These jobs all carry a high level of expectation and as a result can cause a high level of stress. So it shouldn’t be unexpected when the jobs become stressful.
So when someone in one of these jobs gets so stressed she needs to take time off work, should this be considered an unexpected injury, or one that is above and beyond the normal stress of the job? What is the normal stress level of such a job? Should one expect those who apply for such jobs can handle a high amount of stress and still function?
For first responders such as paramedics, post-traumatic stress disorder (PTSD) has become a real issue of concern.
In Ontario, they can now receive workers’ compensation for PTSD and other jurisdictions will likely be following suit in the near future. PTSD can be triggered by extreme situations, and there’s no doubt it’s a condition that needs to be treated and makes people unable to work – and therefore should be eligible for workers’ compensation benefits. It’s a serious illness in the realm of mental health and stress.

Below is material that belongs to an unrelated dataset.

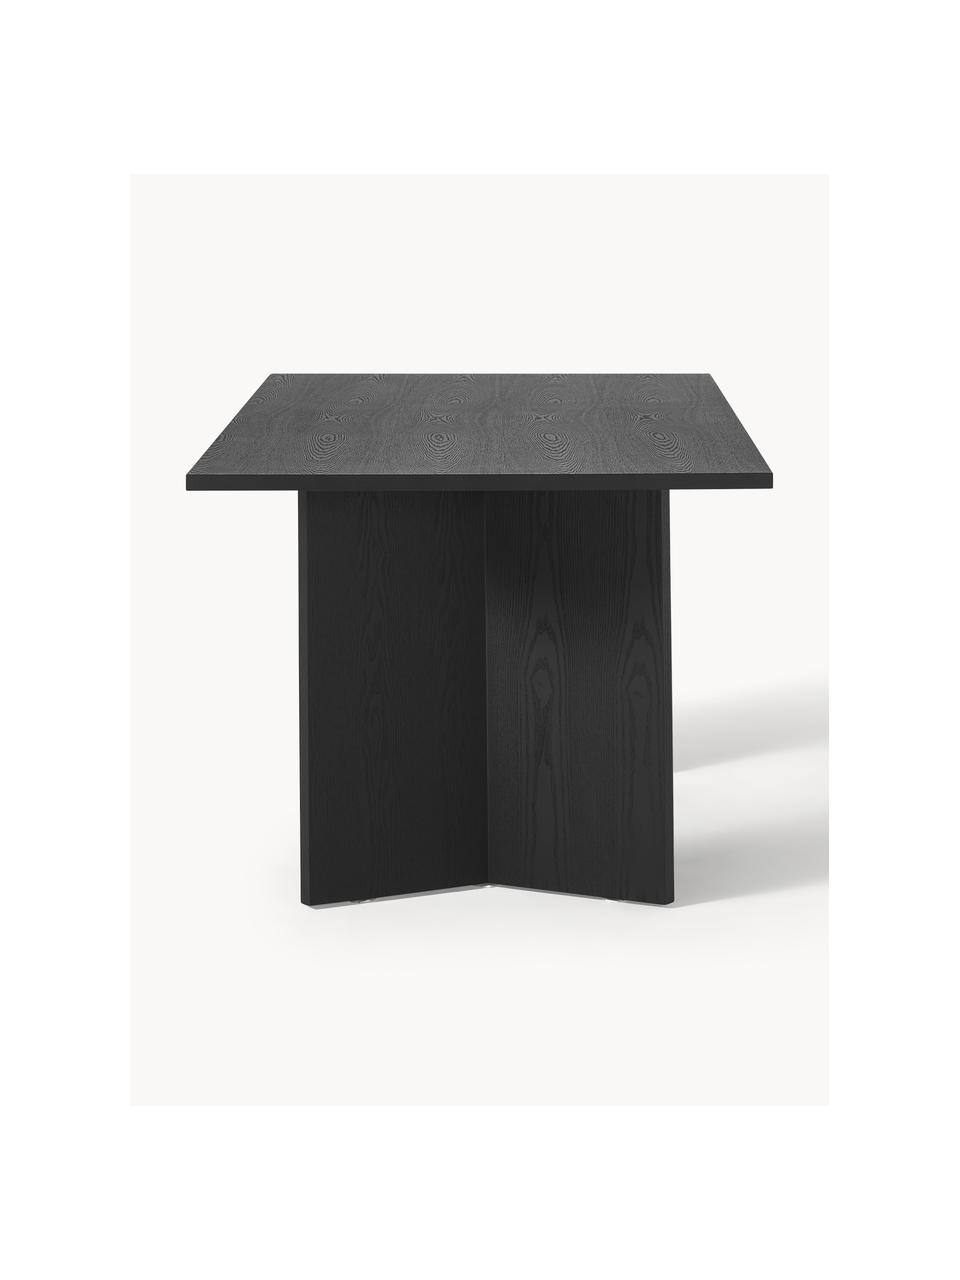 Jídelní stůl Toni, 200 x 90 cm, Lakovaná MDF deska (dřevovláknitá deska střední hustoty) s dubovou dýhou, Dřevo, černá, Š 200 cm, V 75 cm

But short of an extreme mental injury like PTSD, should mental stress be a compensable workplace injury for high-stress occupations?
One could argue that construction work carries a risk of physical injury and employers in the industry take many precautions to ensure worker safety, but if an employee gets hurt on the job, she’s eligible for benefits. Many argue that mental injuries should be treated the same.
However, stress affects everyone differently, so it can be hard to measure the extent stress affects someone, versus a measurable physical injury.
Maybe it’s fair for the standards for mental stress injuries that are eligible for compensation to be the same, regardless of the type of job.
But in certain occupations, it may not be surprising if the stress level ramps up to a high level and more workers apply for workers’ compensation benefits because it becomes too much.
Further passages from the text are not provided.